Знаток сразу определил бы во мне полукровку по строению лица, чуть заостренным ушам и глазам — великоватым для обычного человека.
Темная бронза волос немного исправляла плачевную ситуацию. Тяжелые, волнистые пряди лежали на плечах и груди и поблескивали в свете сциловых ламп.
Но одних волос недостаточно, чтобы объяснить странное поведение Геранта. Впрочем, объяснений могло быть больше, чем пара сотен. Начиная от банального…голода.
Тогда почему он оттолкнул меня? Или голод не так уж и силен, чтобы позариться на вот это вот все?
Тяжело вздыхаю и касаюсь зеркала рукой, будто хочу стереть собственное отражение.
— Не будь дурой, Ши. Ты же знаешь, как он торопился вернуться на Заграйт из-за работы. Ему на самом деле нужно было уйти. Правда?
Протяжное «кар» за дверью заставило меня вздрогнуть всем телом, замотаться в полотенце и вернуться в комнату, пока пернатый гость не натворил там дел.
И кто бы мог подумать, что «мудрая» птица будет висеть вниз головой на шторе и пристально меня рассматривать.
— Я и забыла о тебе, — усмехнулась, а ворон каркнул снова и ткнулся головой мне в щеку. — Герант тебя шпионить оставил?
Вдруг я с запозданием подумала, что двоедушник может смотреть глазами ворона.
— Будешь подглядывать — и я тебя зажарю, — грожу птице пальцем, а он кладет голову мне на макушку и тяжело вздыхает. Совсем по-человечески, будто понимает каждое слово.
Может и правда понимает?
С прислугой Севера мы почти не разговаривали. Я знала их только в самых общих чертах вроде «может быть опасен, если» или «совершенно безобиден, пока».

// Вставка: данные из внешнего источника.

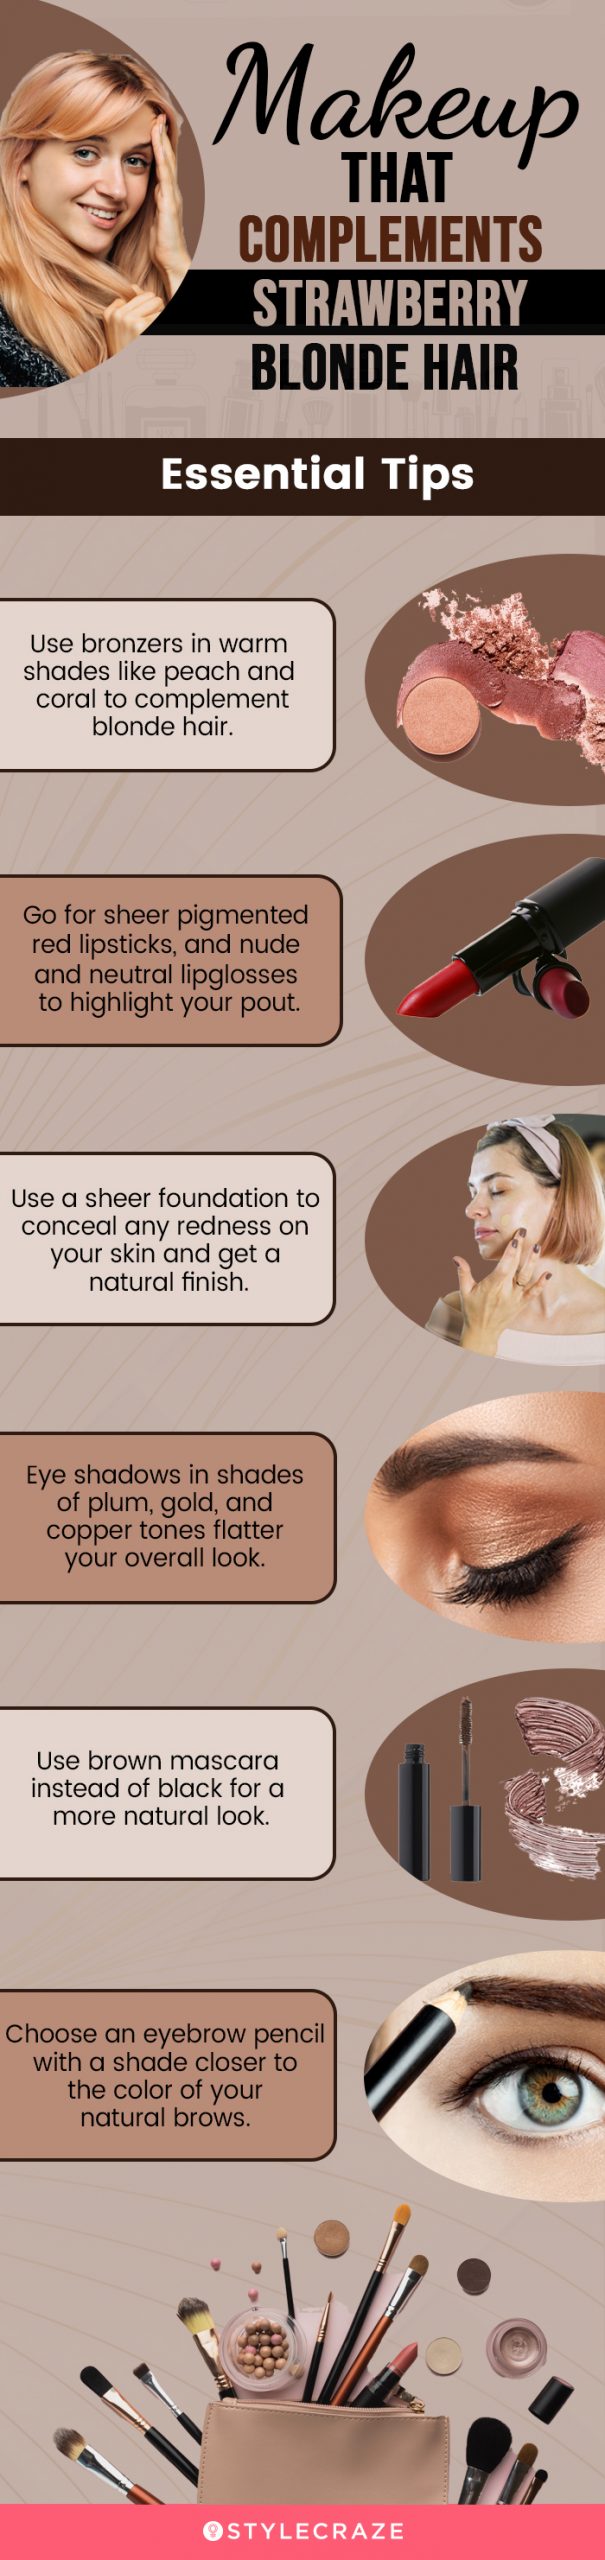 makeup that complements strawberry blonde hair [infographic]

Я неделями не бывала в поместье, мое место — дозорные отряды. Только в последние два или три месяца, когда камкери окончательно затянули удавку на шее колонии, пришлось оборонять город и ближайшие поселения. Но для обычных, бытовых бесед почти никогда не было времени.
И мне жаль. Я скучаю по возможности говорить ни о чем.

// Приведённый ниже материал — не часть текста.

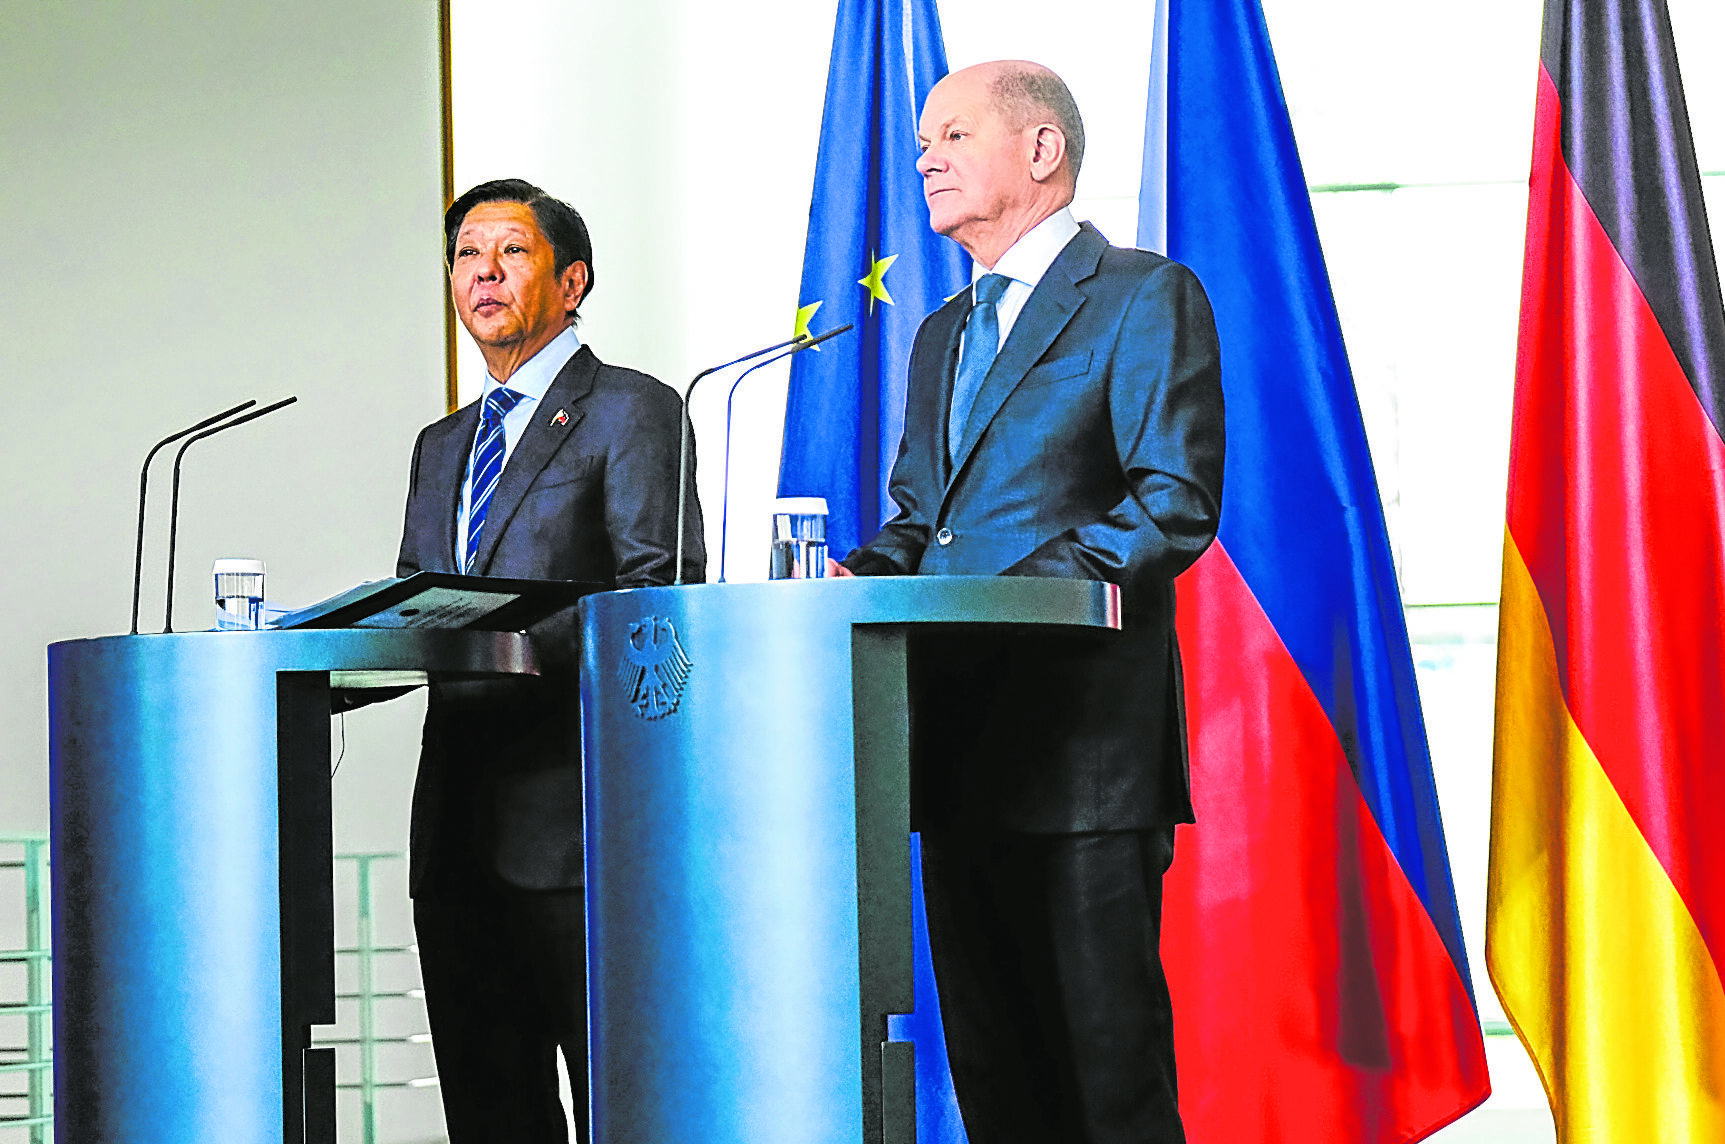 President Marcos and German Chancellor Olaf Scholz take questions from the media

С теплом вспоминаю каждое мгновение, проведенное на кухне или в саду, когда не нужно было куда-то бежать, охранять или выслеживать.

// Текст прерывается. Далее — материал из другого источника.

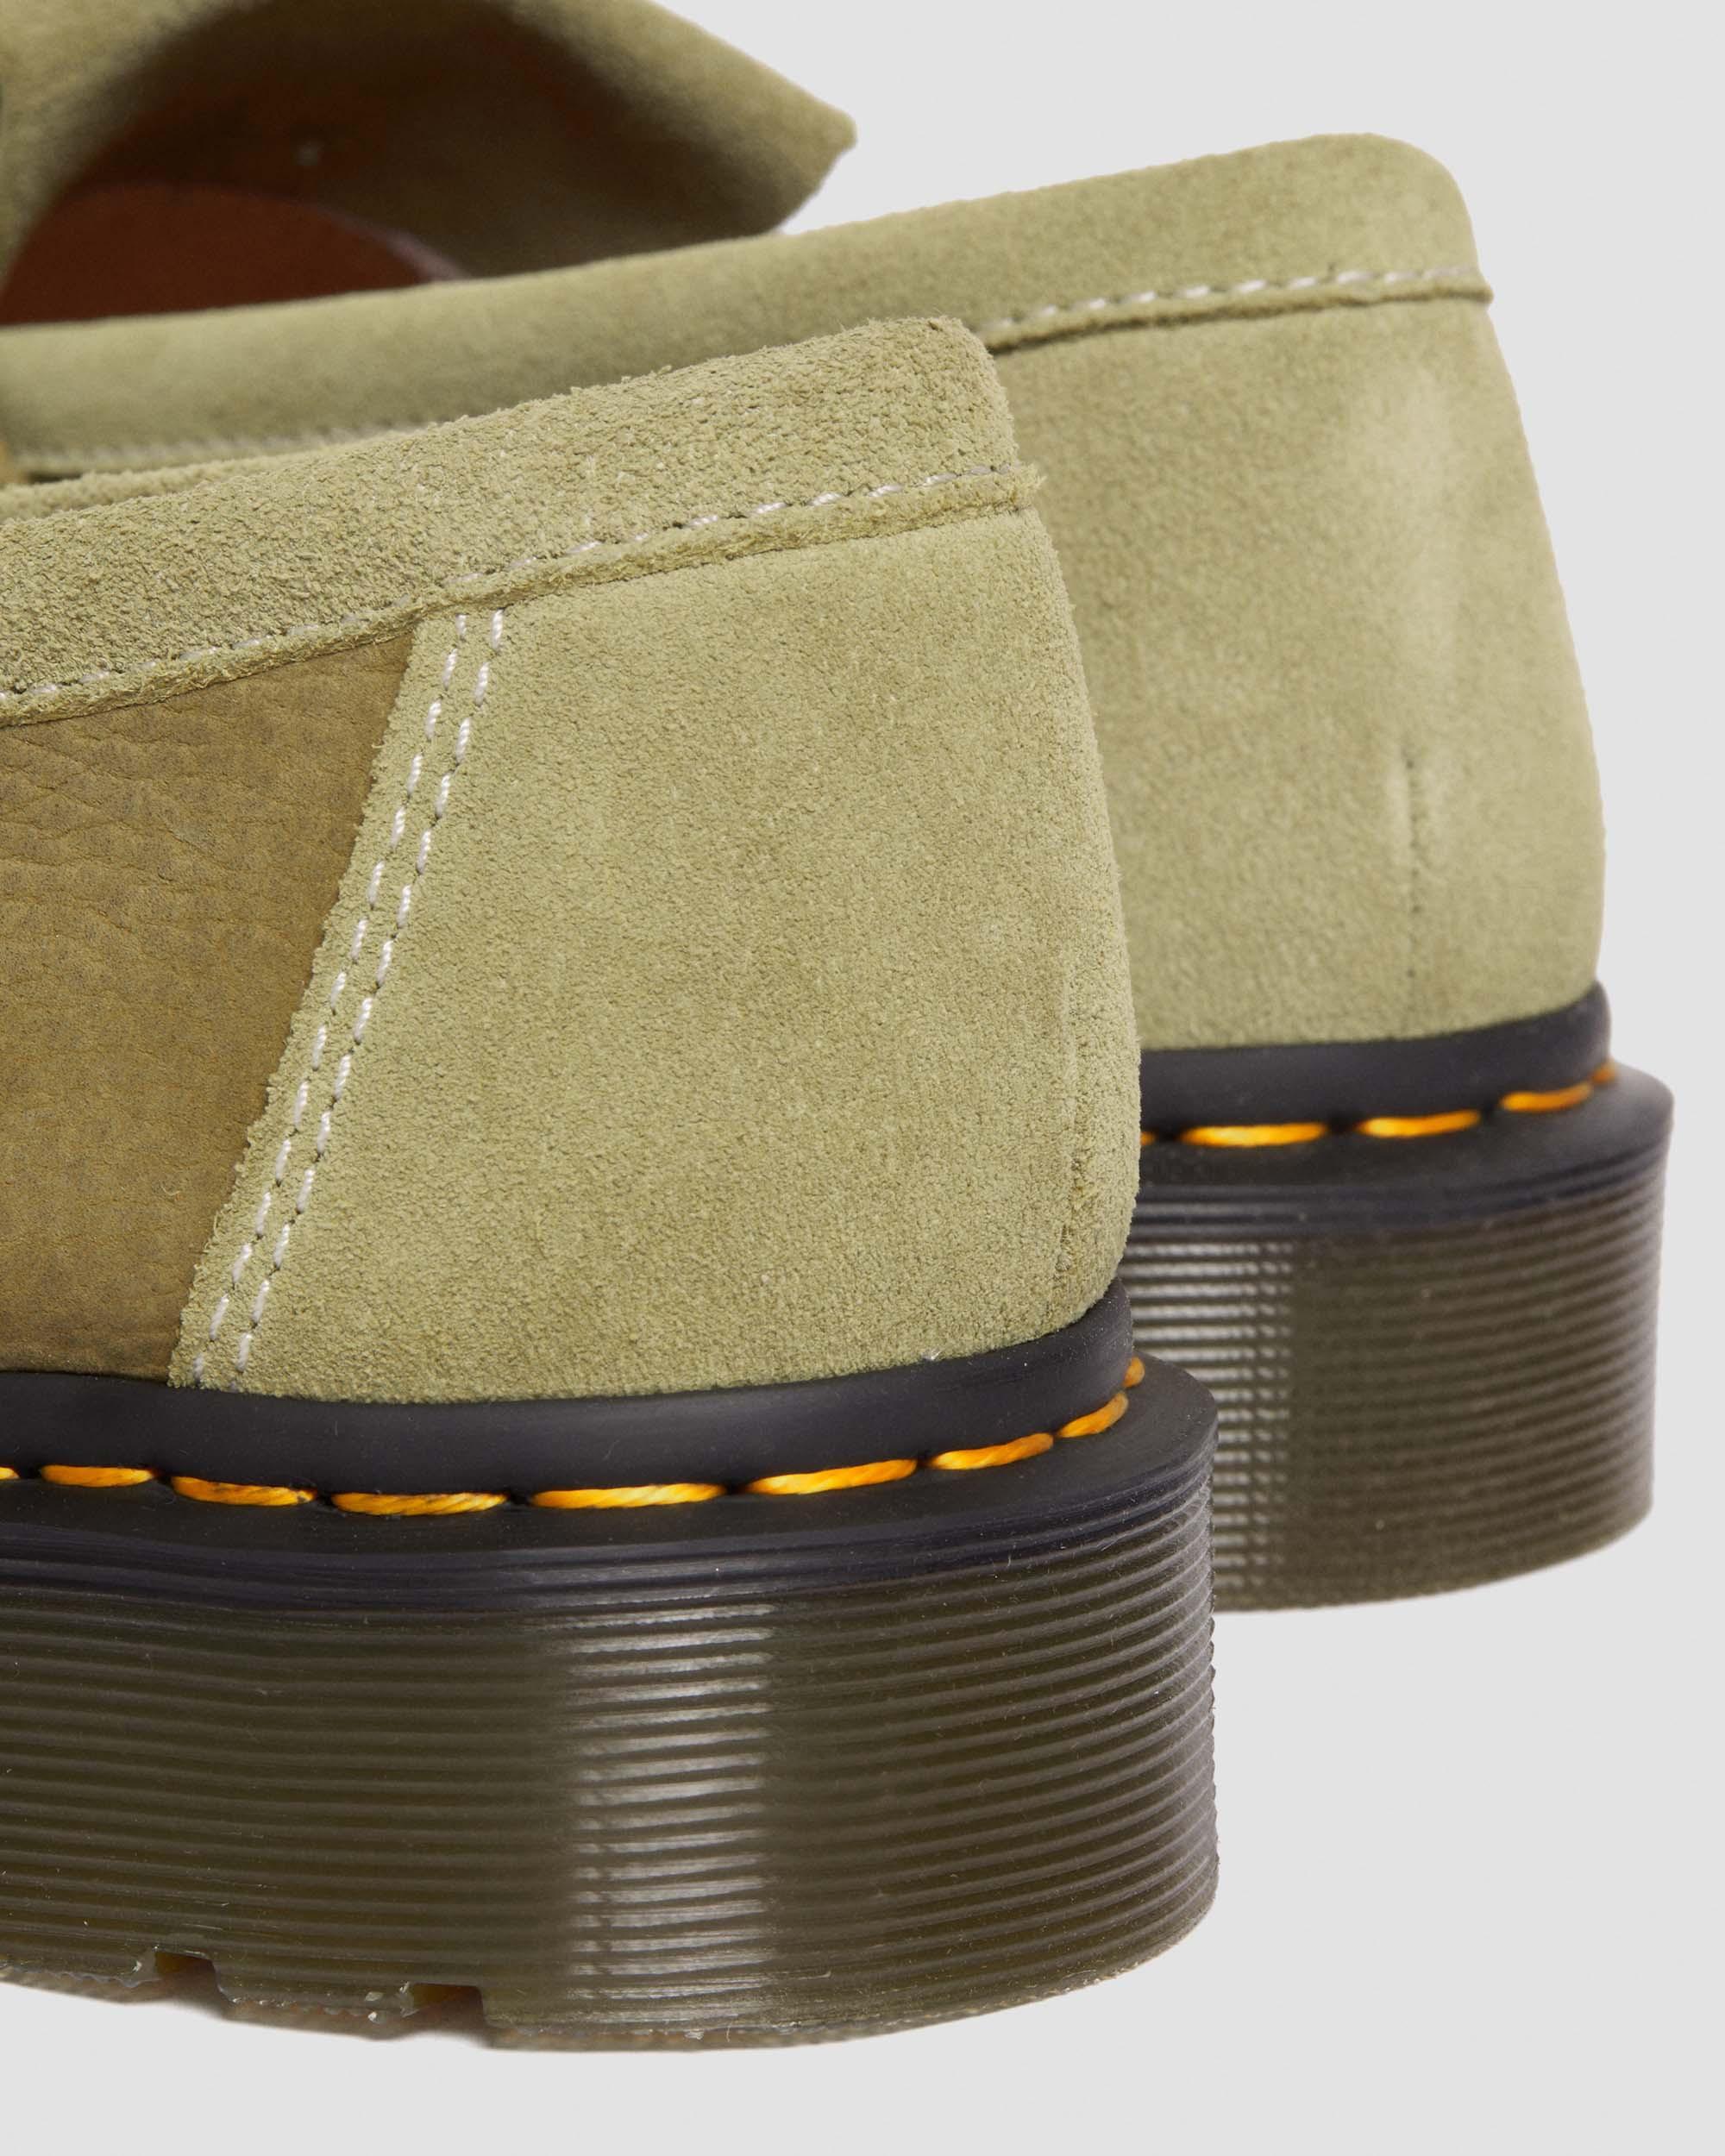 Adrian Tumbled Nubuck Leather Tassel Loafers in Muted Olive

Звонкая трель вызова отвлекла меня от тяжелых мыслей. Огонек у двери мерцал, привлекая внимание. Не дождавшись ответа, кто-то пару раз стукнул по пластику.
Преодолев расстояние за две секунды, я замерла, так и не коснувшись рукой панели.
Вдруг это Герант. Забыл что-то, а я в таком виде!
— Это Эльза! — послышался из-за двери звонкий голосок, — одежку принесла! Открывайте давайте, я же слышу, как вы дышите!
Ничего себе заявление! Я же совершенно точно не издала ни звука.
Провожу рукой над панелью замка, и в комнату врывается белокурый вихрь, бросает на кровать несколько пластиковых плотных свертков и застывает напротив, рассматривая меня из-под длиннющих ресниц. Красивая девчонка: статная, высокая. Не такая высокая, как я, но все же, всего пару дюймов не дотягивает.
Это с ней Герант мило беседовал на первом этаже, пока я ждала ключ от комнаты.
Раскаленный колючий узелок стягивается в груди плотно-плотно, не вздохнуть. Скулы опаляет жаром, и я совершенно не понимаю своей реакции.
Девчонка как девчонка. Чего я нервничаю? Одежду вон принесла, улыбается широко.
По-настоящему, без фальши. Хотя я по взгляду понимаю — знает, кто я и какая кровь течет в моих венах.
— Как ты меня услышала?
— Дышали вы громко, — она покачивается с пятки на носок, утирает нос раскрытой ладонью, — я все слышу! Могу даже сказать, когда цветы на первом этаже распустятся. Они всегда щелкают, когда вот-вот раскроются.
— Что-что делают? — отчего-то мне становится спокойно и легко. Эльзу окружает кокон поразительной теплоты, будто угодил в эпицентр раскаленного летнего дня после бесконечно темной стужи.
— Ну, щелкают! — она отмахивается, намекая, что я все равно не пойму, и принимается разворачивать свертки.
А у меня глаза на лоб лезут.
Тут и плотные черные штаны, и сапоги из мягкой кожи, и две блузы — не белые или черные, а поразительного бирюзового оттенка.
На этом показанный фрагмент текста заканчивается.